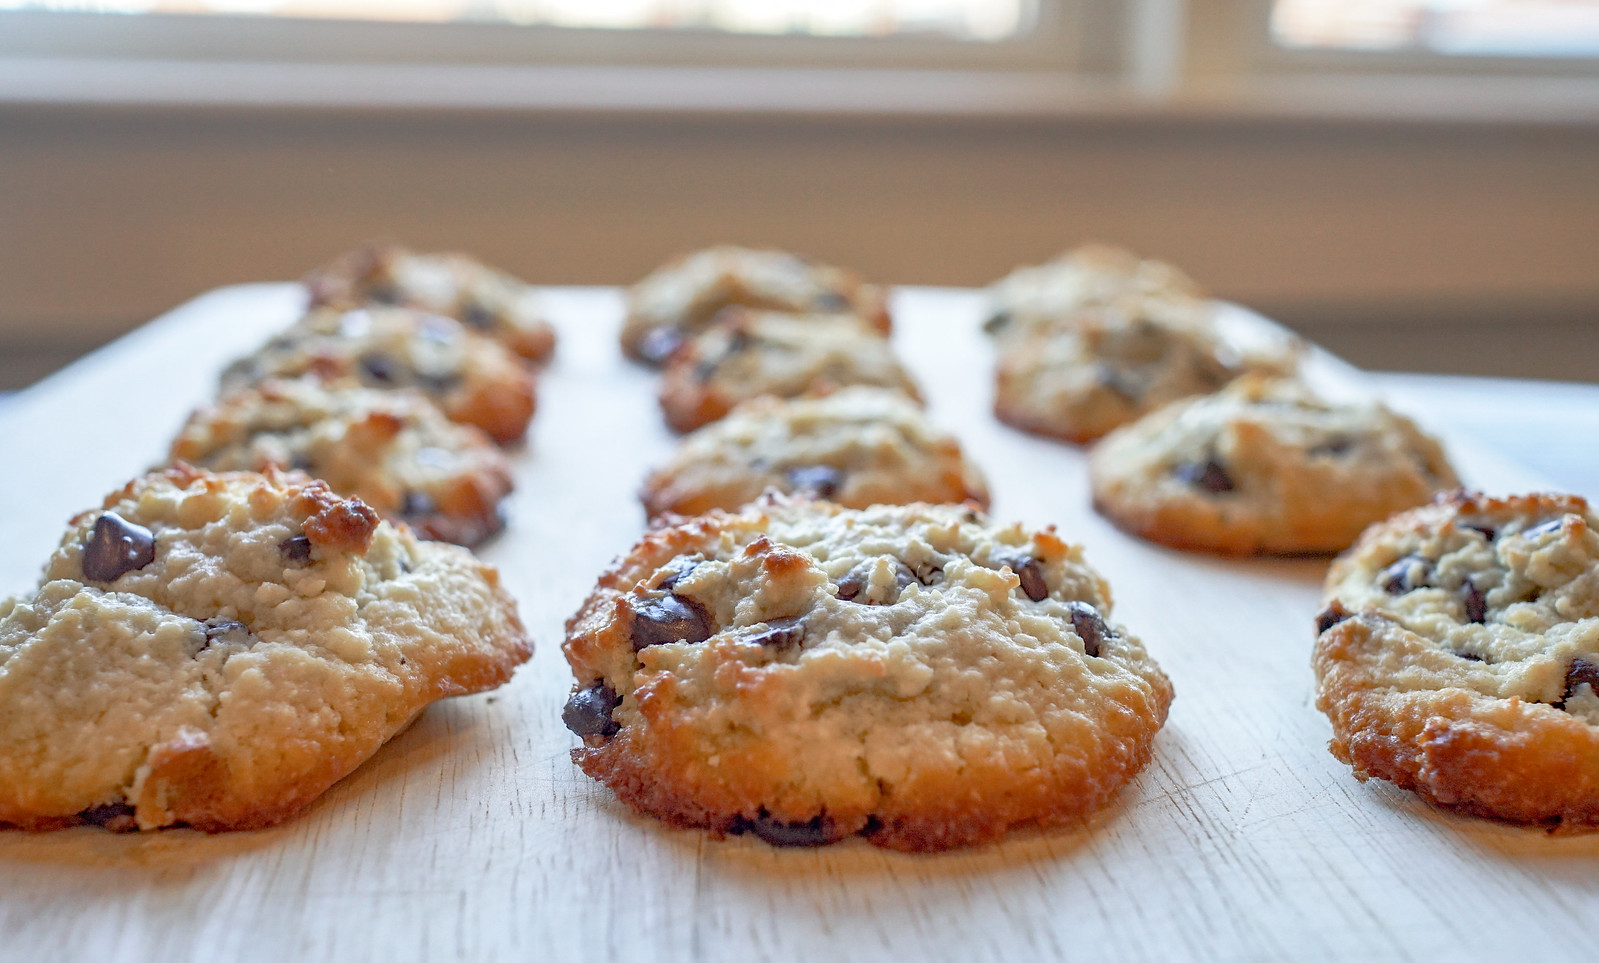 Low Carbohydrate, Healthy Fat Chocolate Chip Cookies
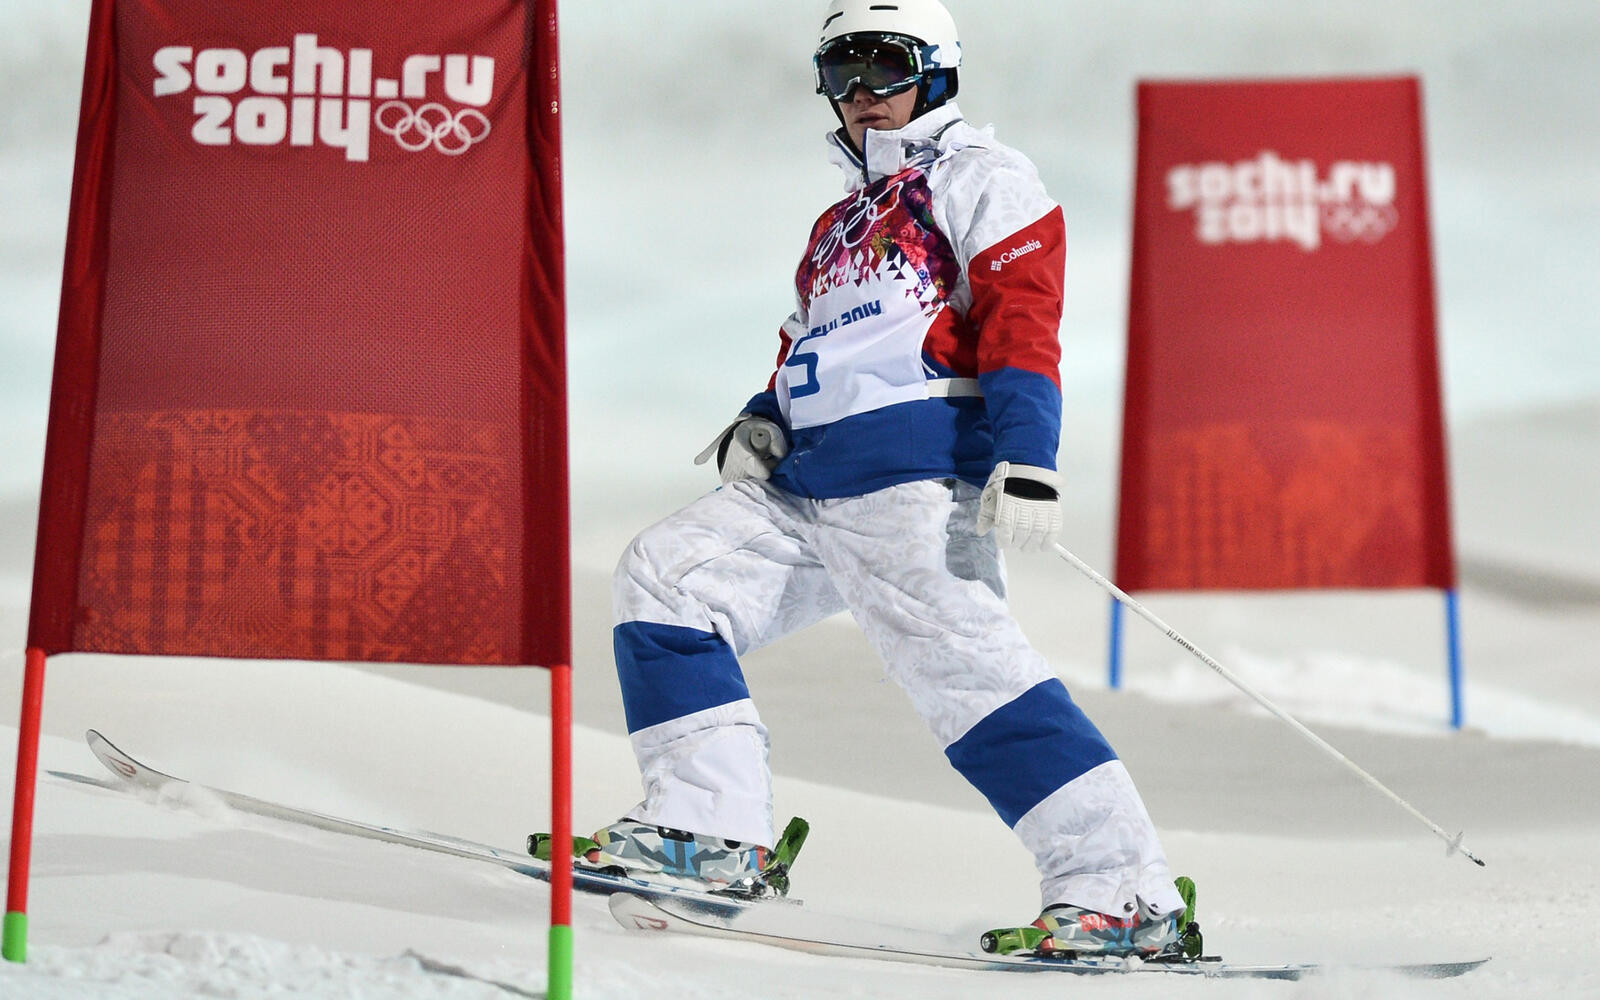 Wallpapers olympic games Sochi skier on the desktop
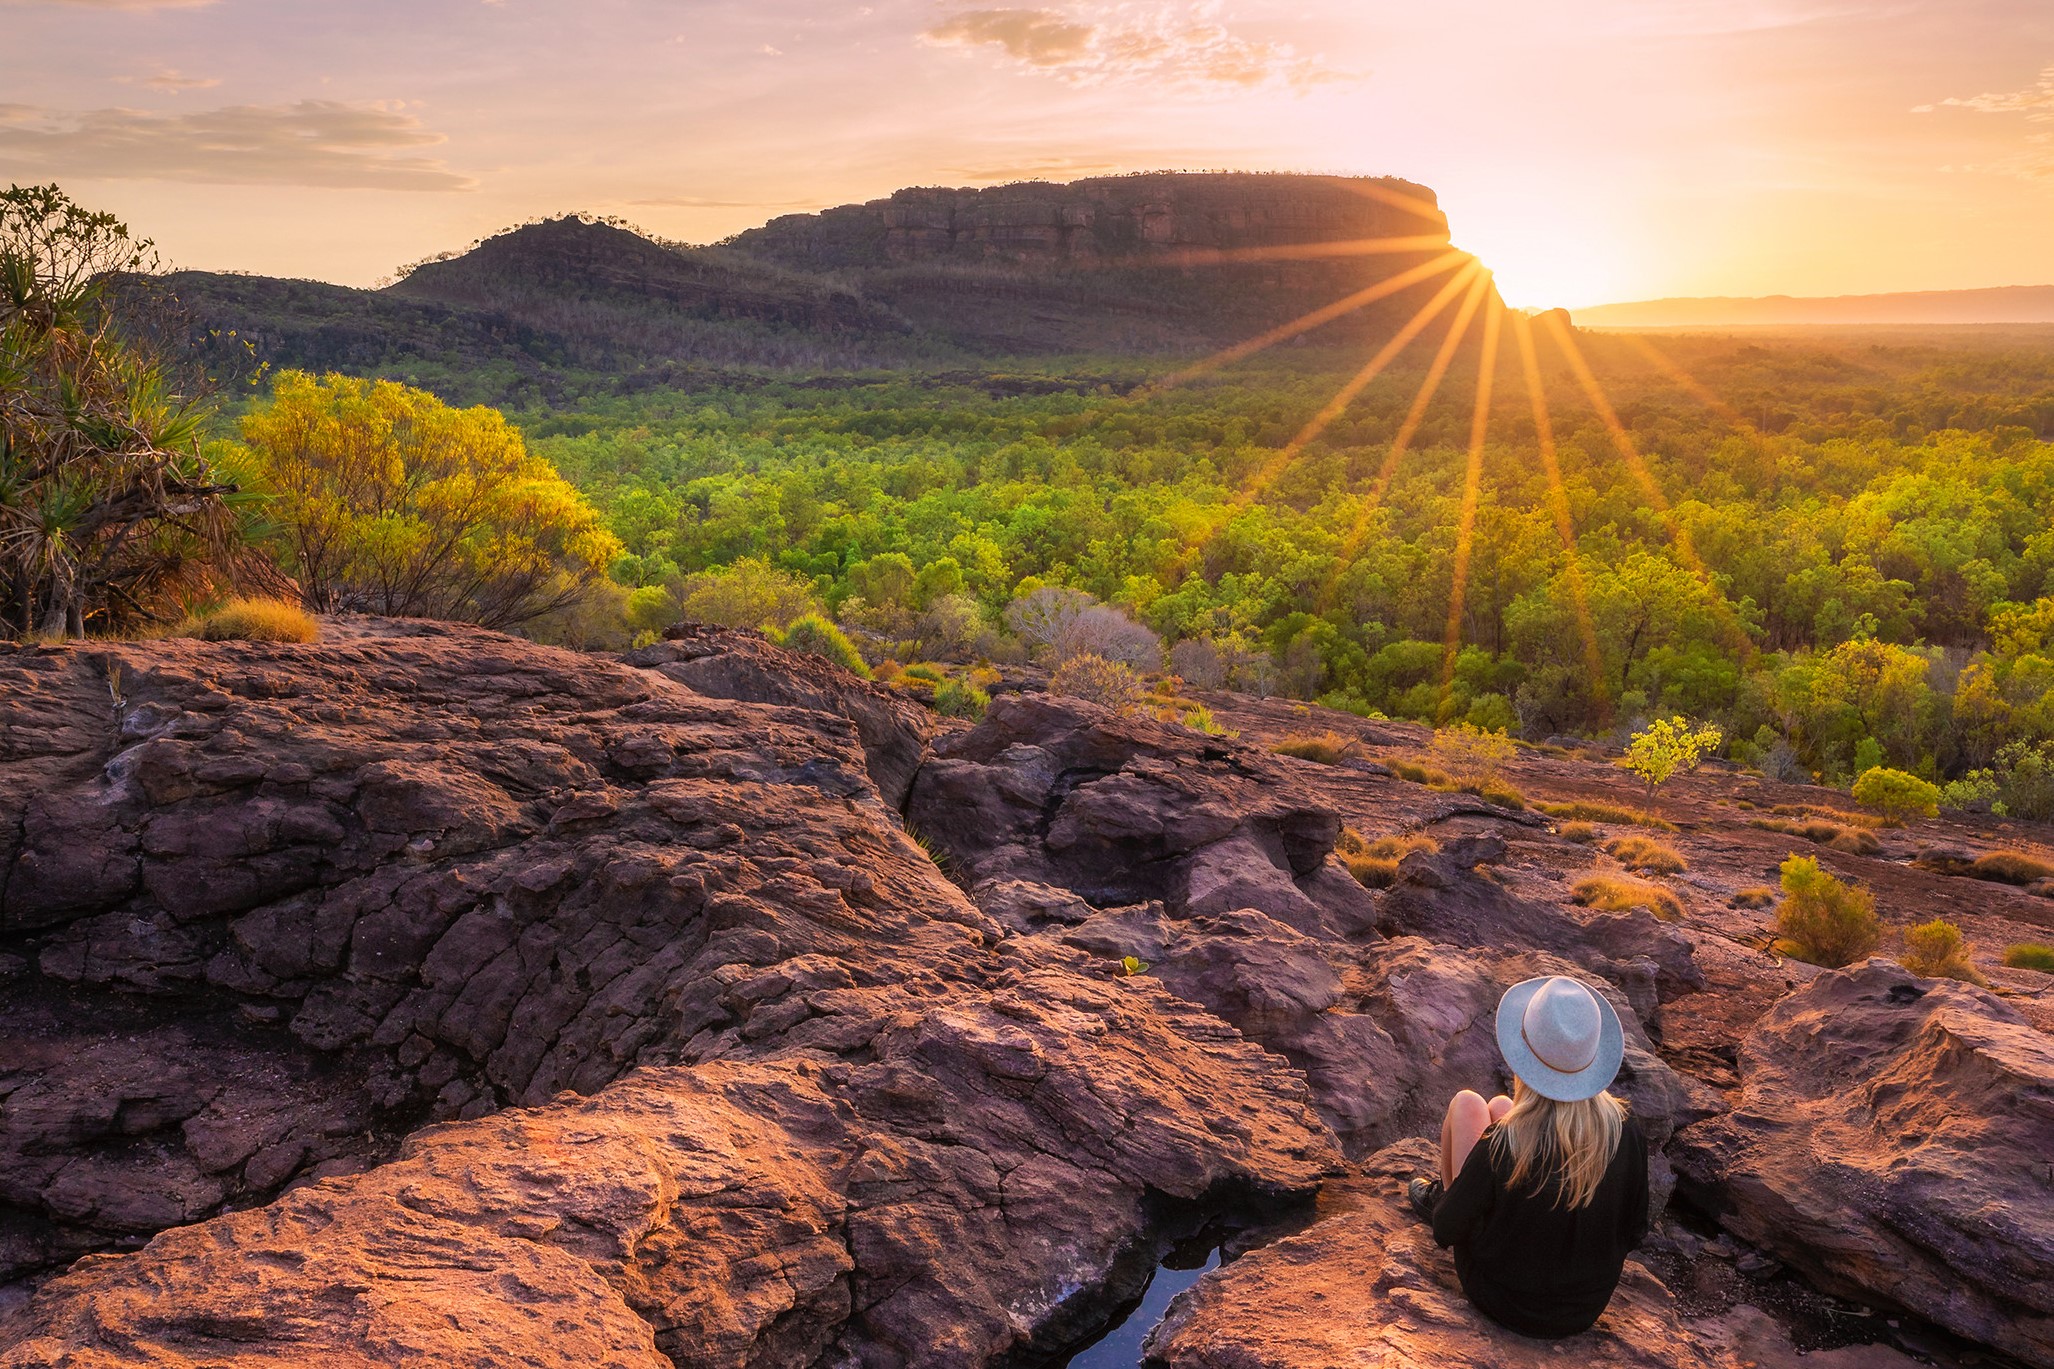 4-Day Kakadu and Katherine Experience Tour from Darwin  (Private Double/Twin Room): Kakadu National Park | Bowali Visitor Centre | Guluyambi Cultural Cruise | Ubirr Rock | 
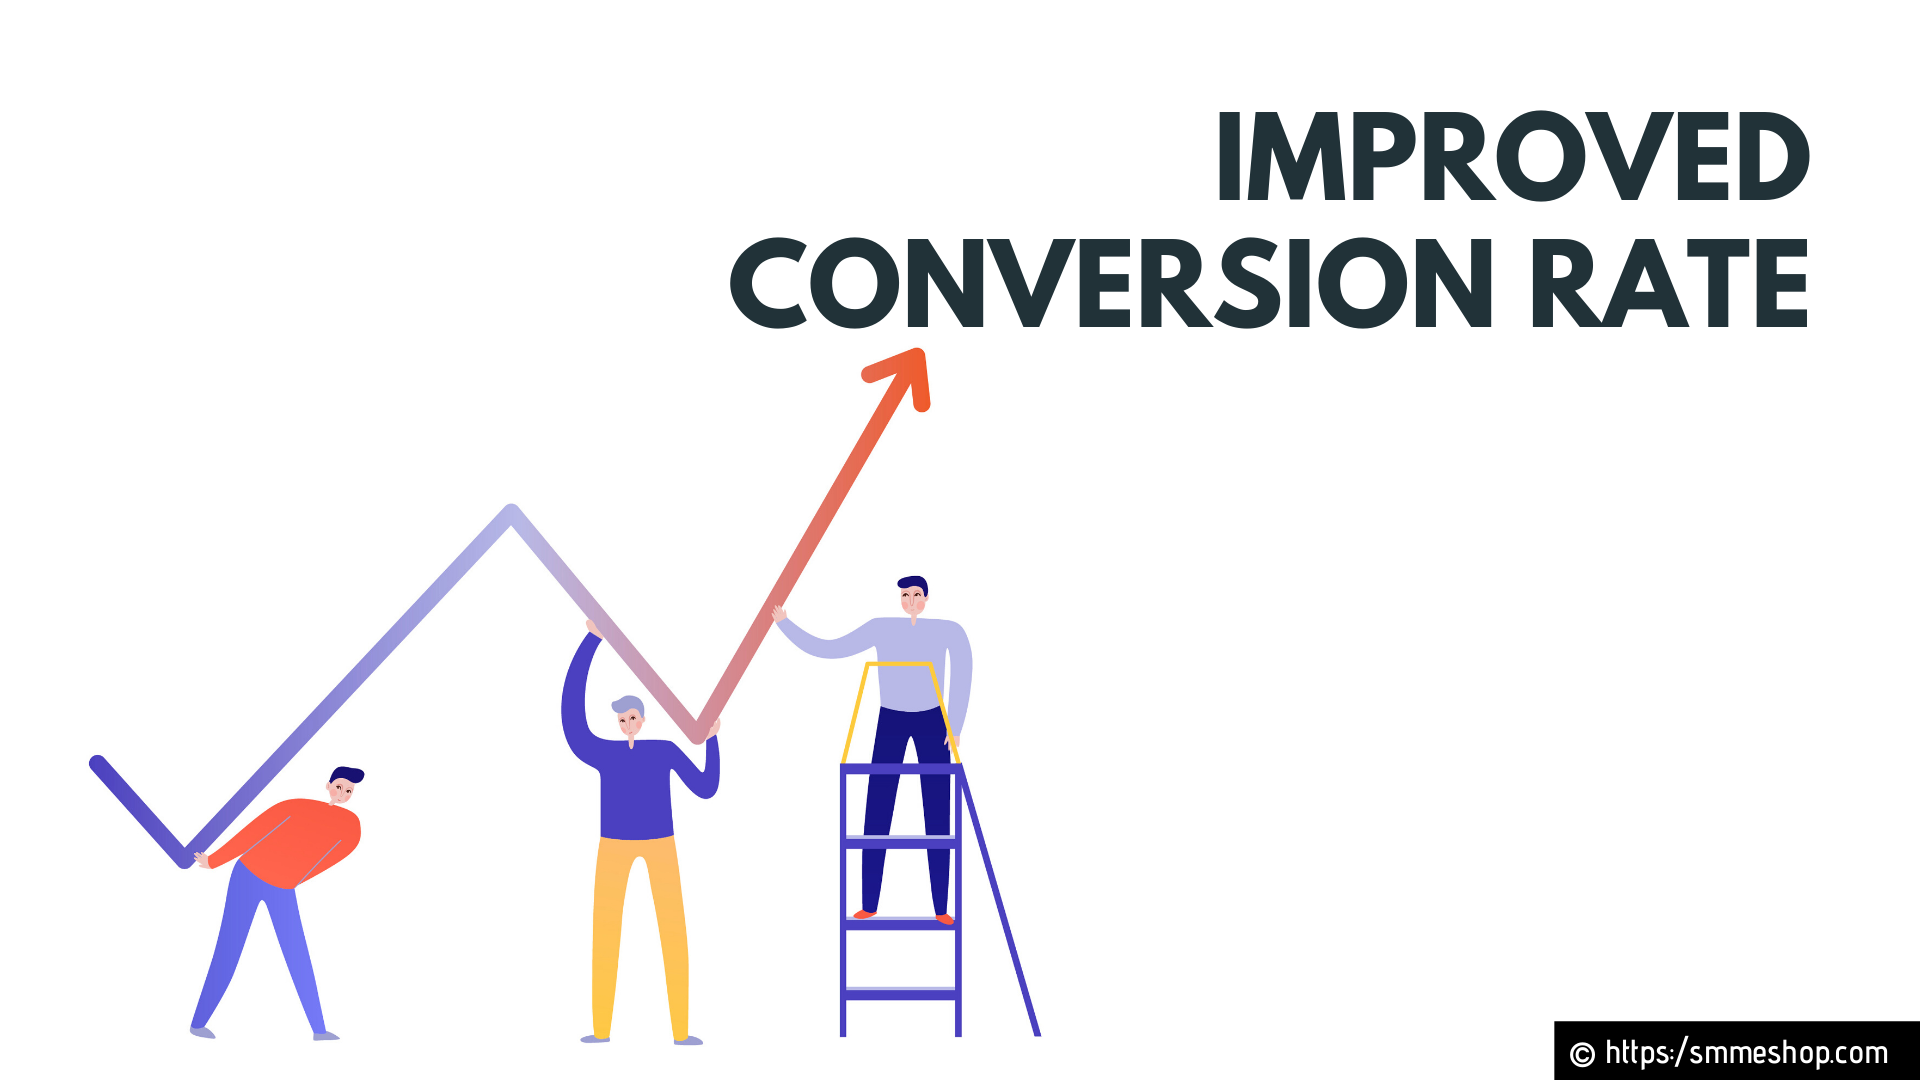 Improved conversion rate

--------

AIM OF THE EXERCISE:
Nothing but an exact copy of the data above, minus its pictures, should appear in the response.

ANSWER BOX:
 Low Carbohydrate, Healthy Fat Chocolate Chip Cookies
 Wallpapers olympic games Sochi skier on the desktop
 4-Day Kakadu and Katherine Experience Tour from Darwin  (Private Double/Twin Room): Kakadu National Park | Bowali Visitor Centre | Guluyambi Cultural Cruise | Ubirr Rock | 
 Improved conversion rate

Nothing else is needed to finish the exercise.